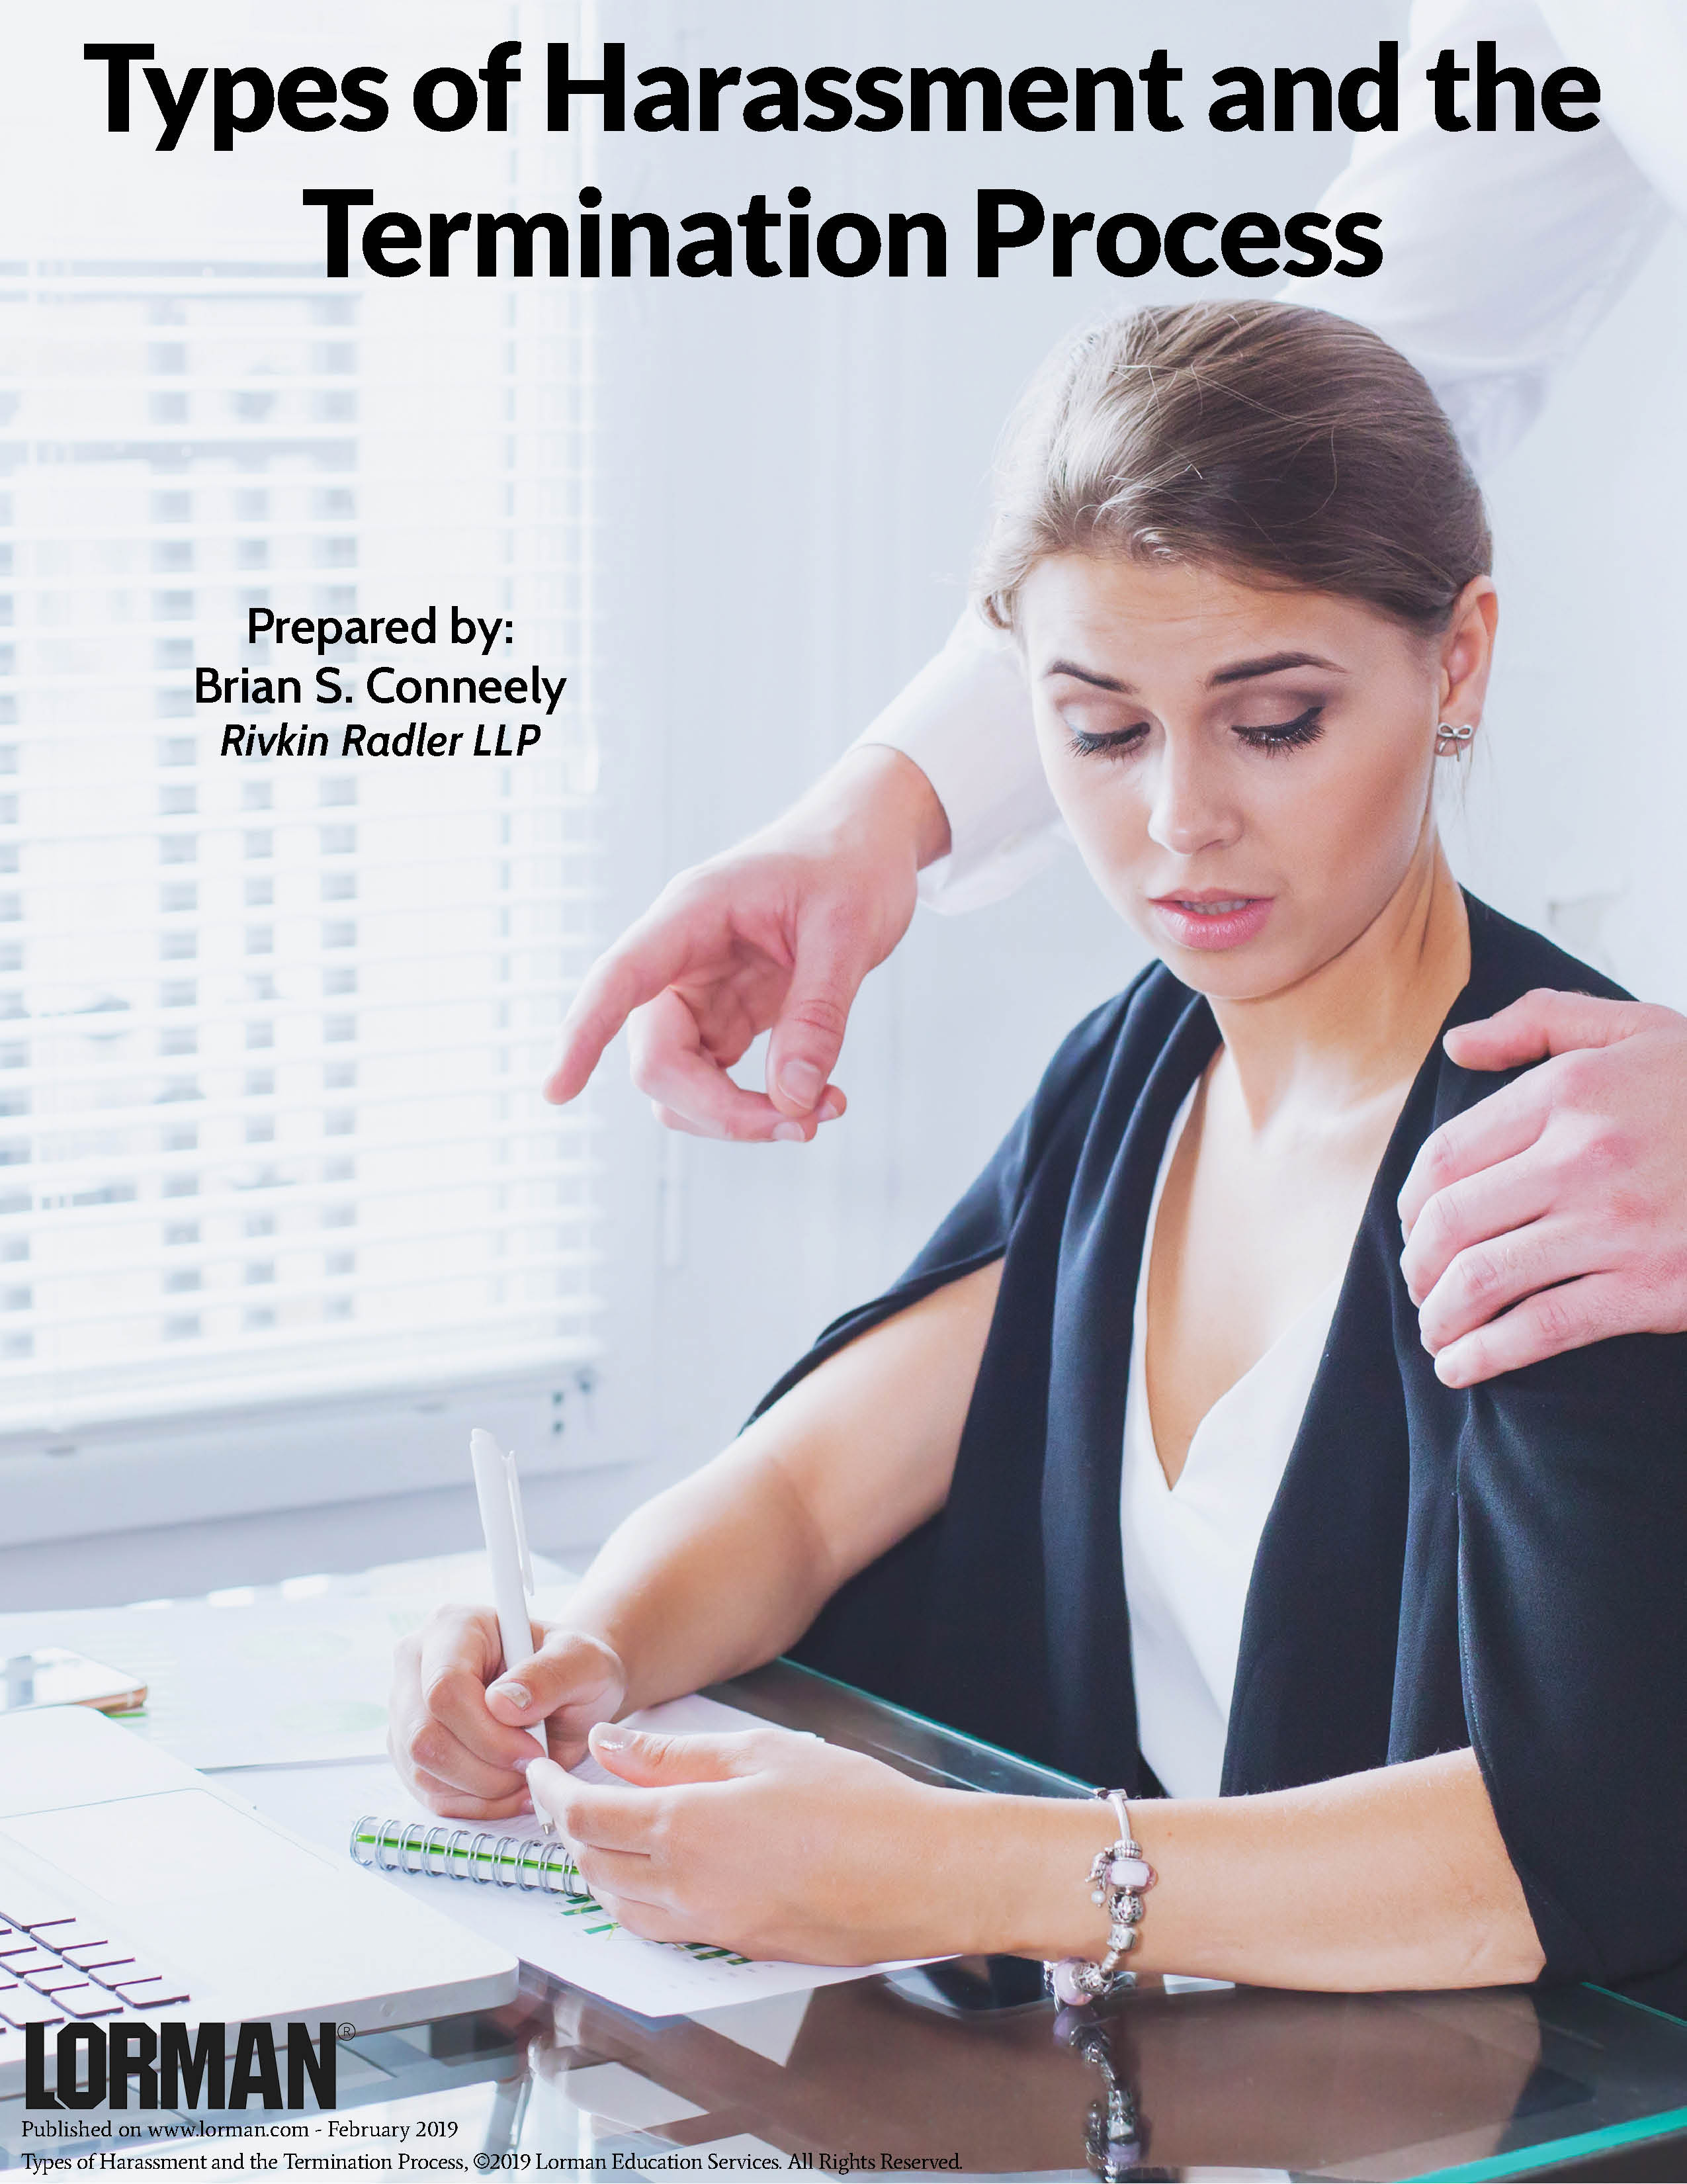 Types of Harassment and the Termination Process
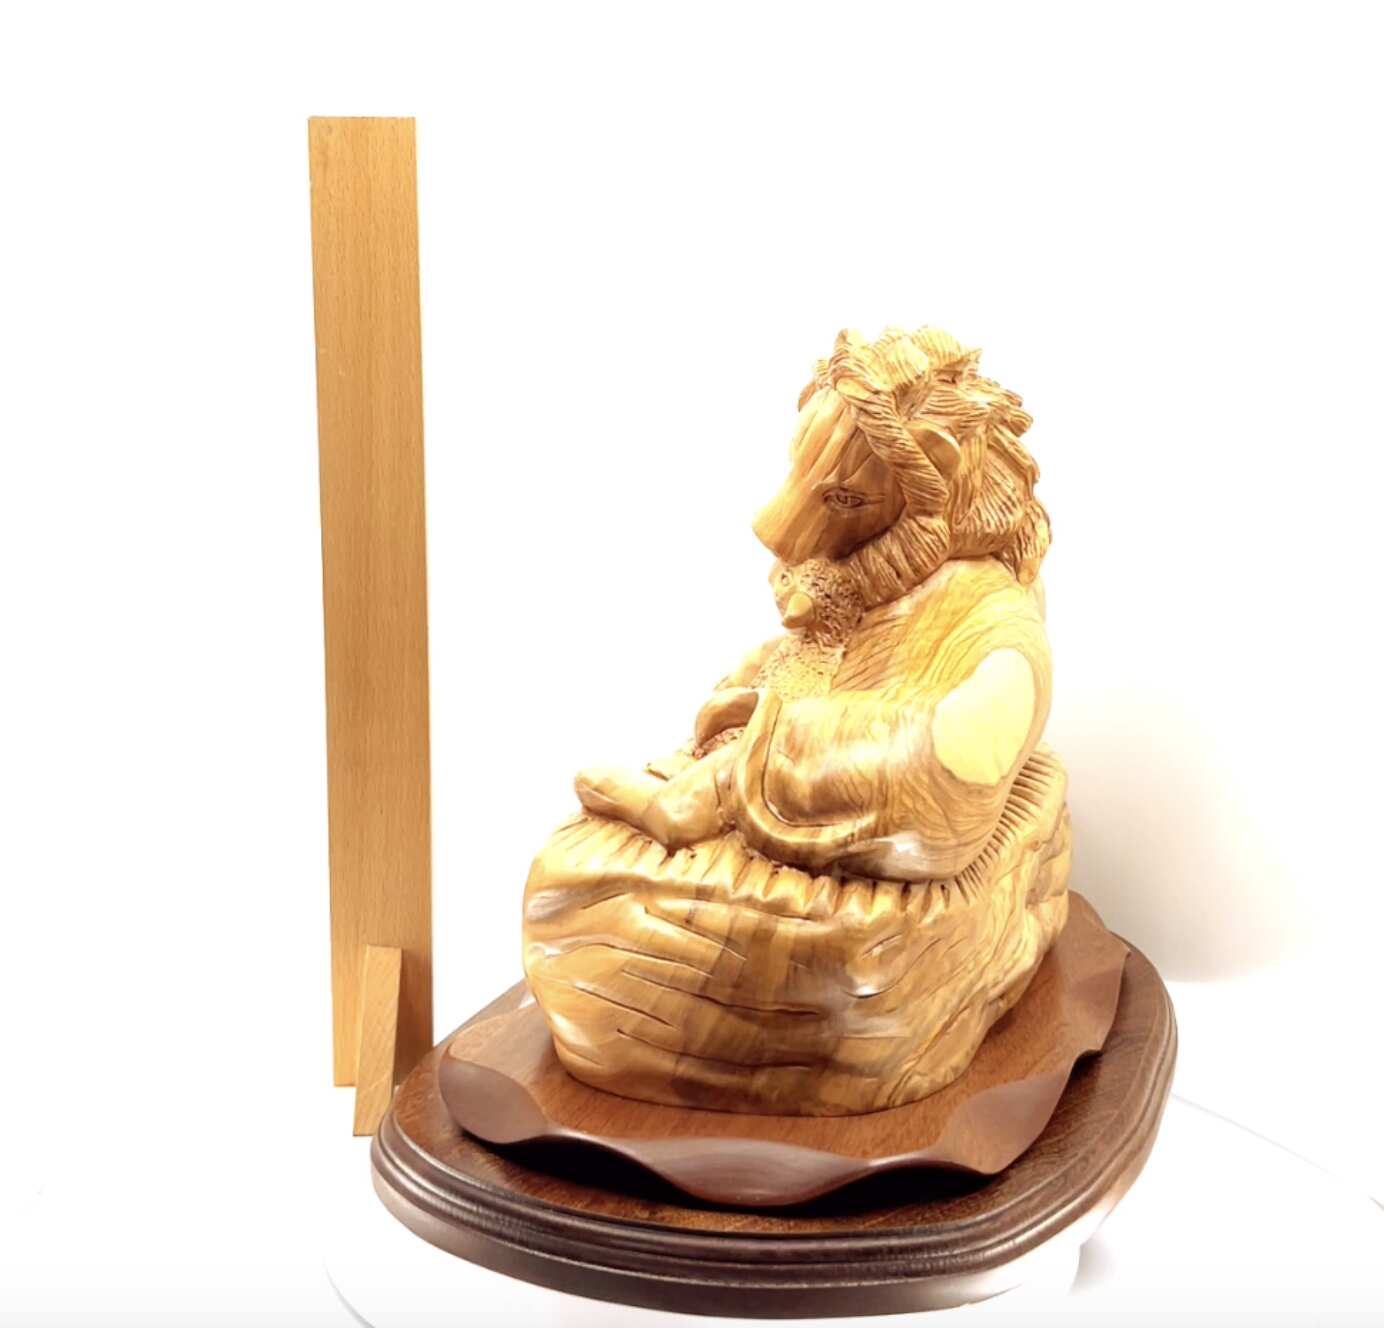 Lion with Lamb and Scripture of Corinthians, 13.8" Masterpiece Wooden Christian Carving
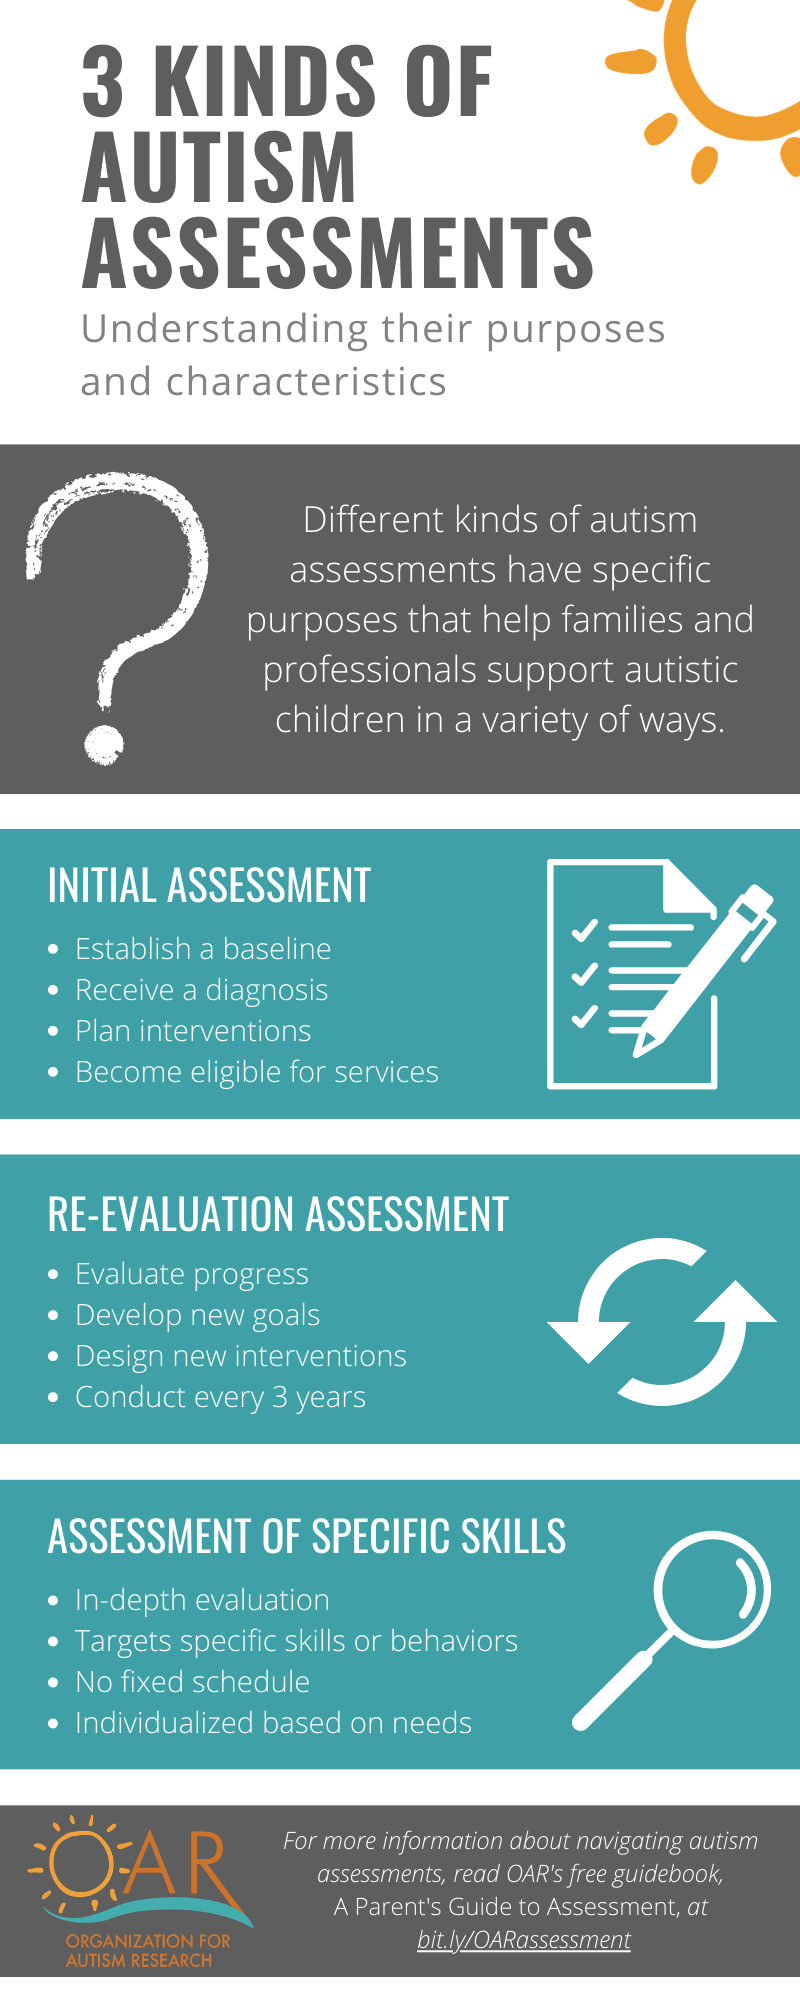 3 kinds of autism assessments

━━━━

> _YOUR TASK_: With pictures excluded, output the listing above exactly as it stands.

> _WRITTEN REPLY_:
 Types of Harassment and the Termination Process
 Lion with Lamb and Scripture of Corinthians, 13.8" Masterpiece Wooden Christian Carving
 3 kinds of autism assessments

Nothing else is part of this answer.